A Simple Approach to Unifying Diffusion-based Conditional Generation

Xirui Li,Charles Herrmann,Kelvin C.K. Chan,Yinxiao Li,Deqing Sun,Chao Ma,Ming-Hsuan Yang
2024-10-15
Abstract:Recent progress in image generation has sparked research into controlling these models through condition signals, with various methods addressing specific challenges in conditional generation. Instead of proposing another specialized technique, we introduce a simple, unified framework to handle diverse conditional generation tasks involving a specific image-condition correlation. By learning a joint distribution over a correlated image pair (e.g. image and depth) with a diffusion model, our approach enables versatile capabilities via different inference-time sampling schemes, including controllable image generation (e.g. depth to image), estimation (e.g. image to depth), signal guidance, joint generation (image & depth), and coarse control.

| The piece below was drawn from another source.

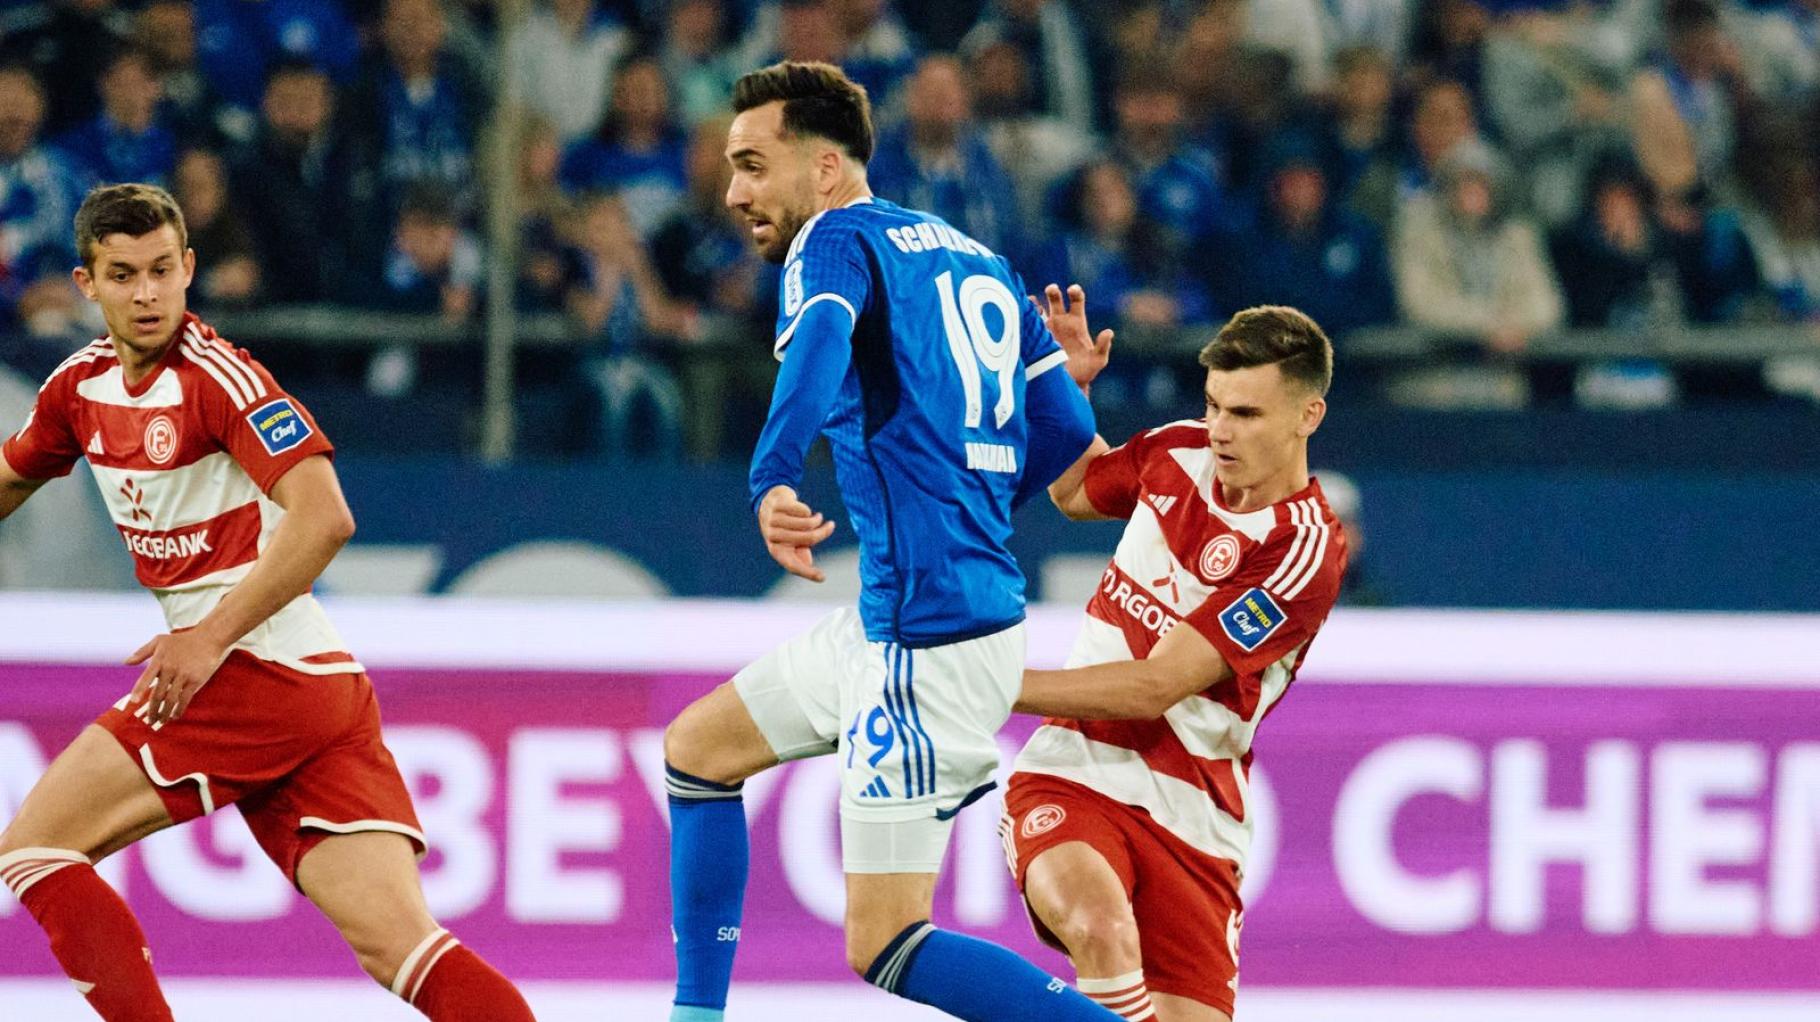 Fortuna Düsseldorf lässt Punkte auf Schalke liegen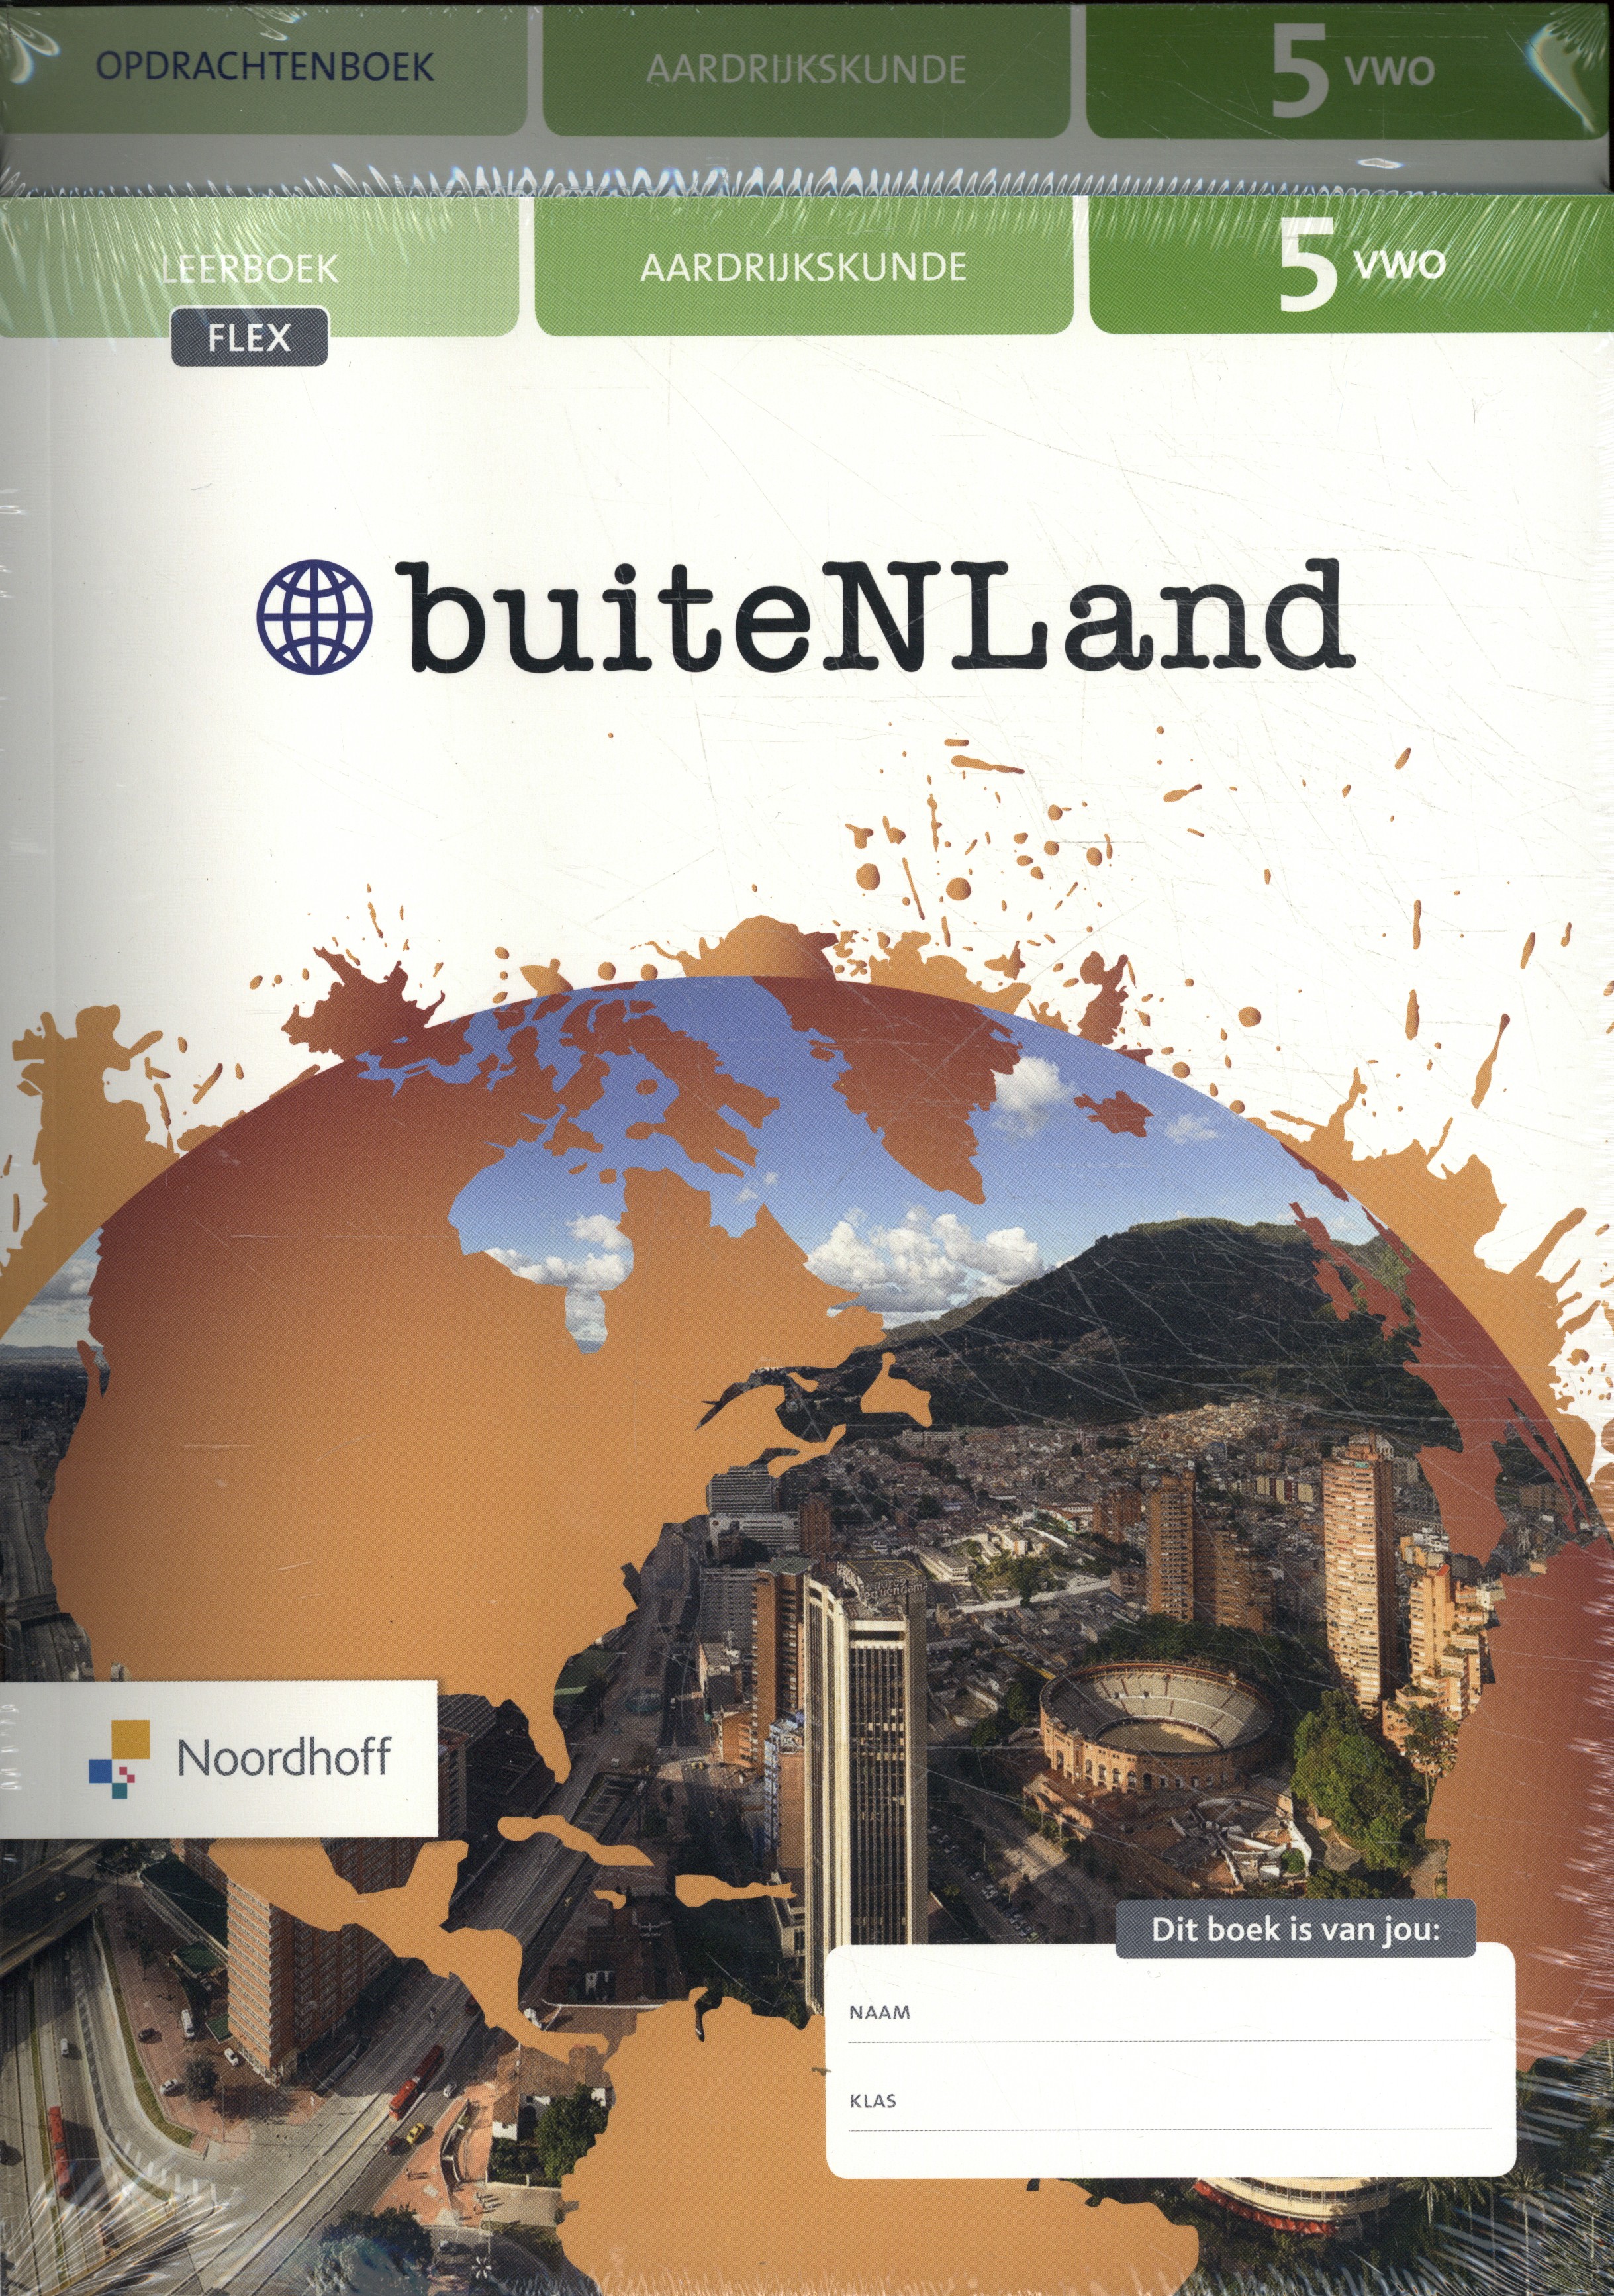 buiteNLand 5 vwo aardrijkskunde flex leer- en opdrachtenboek

Previous attempts at unification often introduce significant complexity through multi-stage training, architectural modification, or increased parameter counts. In contrast, our simple formulation requires a single, computationally efficient training stage, maintains the standard model input, and adds minimal learned parameters (15% of the base model). Moreover, our model supports additional capabilities like non-spatially aligned and coarse conditioning. Extensive results show that our single model can produce comparable results with specialized methods and better results than prior unified methods. We also demonstrate that multiple models can be effectively combined for multi-signal conditional generation.
Computer Vision and Pattern Recognition
What problem does this paper attempt to address?
The problem that this paper attempts to solve is that existing conditional generation models usually require complex multi - stage training, architecture modification or an increase in the number of parameters for specific tasks when dealing with different types of image - condition pairs. Although these methods can achieve specific conditional generation tasks, they lack flexibility and universality and are difficult to support multiple conditional generation tasks simultaneously. Specifically, this paper proposes a unified diffusion model framework - UniCon, which aims to handle diverse conditional generation tasks by learning the joint distribution between images and conditions. These tasks include, but are not limited to: 1. **Controllable image generation**: For example, generating an image from a depth map (depth - to - image), text inpainting using an edge sketch (edge sketch text inpainting), etc. 2. **Estimation tasks**: For example, generating a depth map from an image (image - to - depth). 3. **Joint generation**: Simultaneously generating an image and its corresponding depth map (joint depth - image generation). 4. **Coarse - control**: Allowing generation using imprecise or partial condition signals (such as a coarse - depth map). By introducing a simple and efficient training strategy and a flexible sampling method, UniCon can achieve all of the above tasks in a single model without significantly increasing the model complexity or the number of parameters. Compared with previous unified methods, UniCon has the following advantages: - **Simplified training process**: Only one computationally efficient training stage is required, maintaining the standard model input and only adding a small number of learnable parameters (about 15%). - **Flexible conditional generation ability**: Supports non - spatially - aligned condition signals and coarse condition signals. - **Better performance**: Experimental results show that UniCon can produce results comparable to or even better than specialized methods in multiple modalities. In summary, the goal of this paper is to provide a general and efficient solution that enables a single model to flexibly handle multiple conditional generation tasks, thereby promoting the further development of the field of image generation.